Top elected officials in Montana condemn attacks on Jewish community

The two U.S. senators from Montana and its governor were among the state’s top elected officials who condemned attacks on the Jewish community there and across the nation.

Sens. Jon Tester, a Democrat, and Steve Daines, a Republican, along with Gov. Steve Bullock, a Democrat, were among those who signed on to an open letter issued Tuesday. U.S. Rep. Ryan Zinke and state Attorney General Tim Fox, both Republicans, also signed.

“We condemn attacks on our religious freedom manifesting in a group of anti-Semites,” the officials wrote. “We stand firmly together to send a clear message that ignorance, hatred and threats of violence are unacceptable and have no place in the town of Whitefish, or in any other community in Montana or across this nation. We say to those few who seek to publicize anti-Semitic views that they shall find no safe haven here.”

The elected officials said they offer their “full support” to Montana’s Jewish community as well as families, businesses, faith organizations and law enforcement officers.

“We will address these threats directly and forcefully, putting our political differences aside to stand up for what’s right. That’s the Montana way, and the American way. Rest assured, any demonstration or threat of intimidation against any Montanan’s religious liberty will not be tolerated,” they said.

The statement follows two incidents that have shaken the state’s Jewish residents.
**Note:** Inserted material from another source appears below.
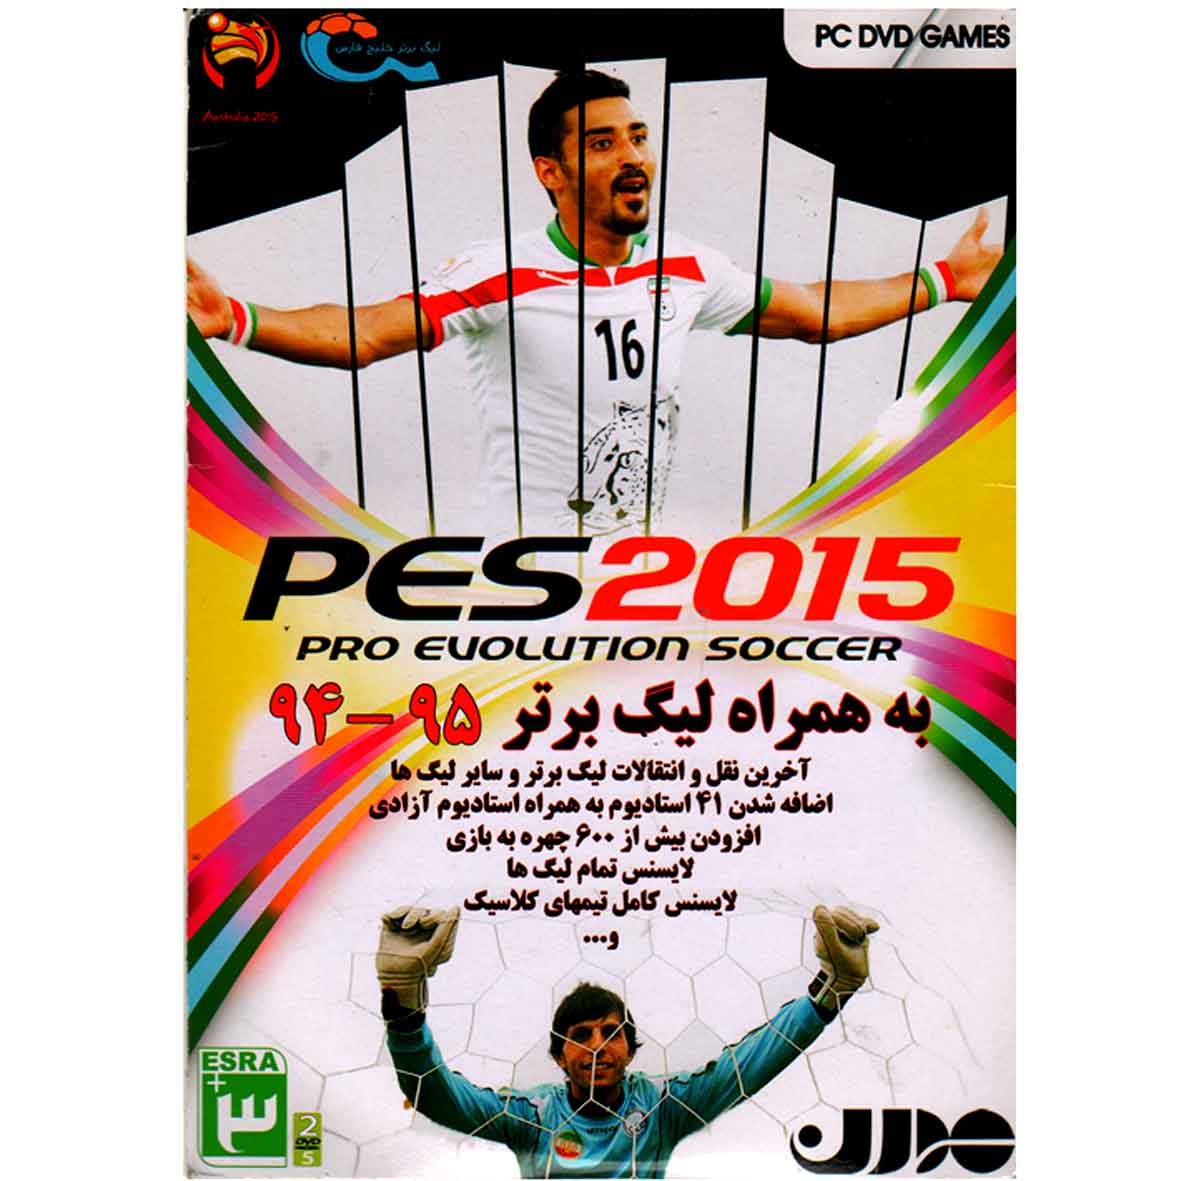 بازی PES 2015 به همراه لیگ برتر 94-95 مخصوص PC

An elderly man last week was identified as the person who last month distributed American Nazi Party fliers in residential neighborhoods of Missoula, prompting a local synagogue to ask for increased police protection.

Also, The Daily Stormer, a white supremacist publication, published a blog post earlier in the month calling for followers to “take action” against Jews in Whitefish, home to white supremacist Richard Spencer, by writing and calling them with anti-Semitic messages. The post included the names, phone numbers and addresses of Jewish Whitefish residents — in addition to the Twitter handle and photo of a child.

Last week, the website announced it would hold an armed march against Jews through the town.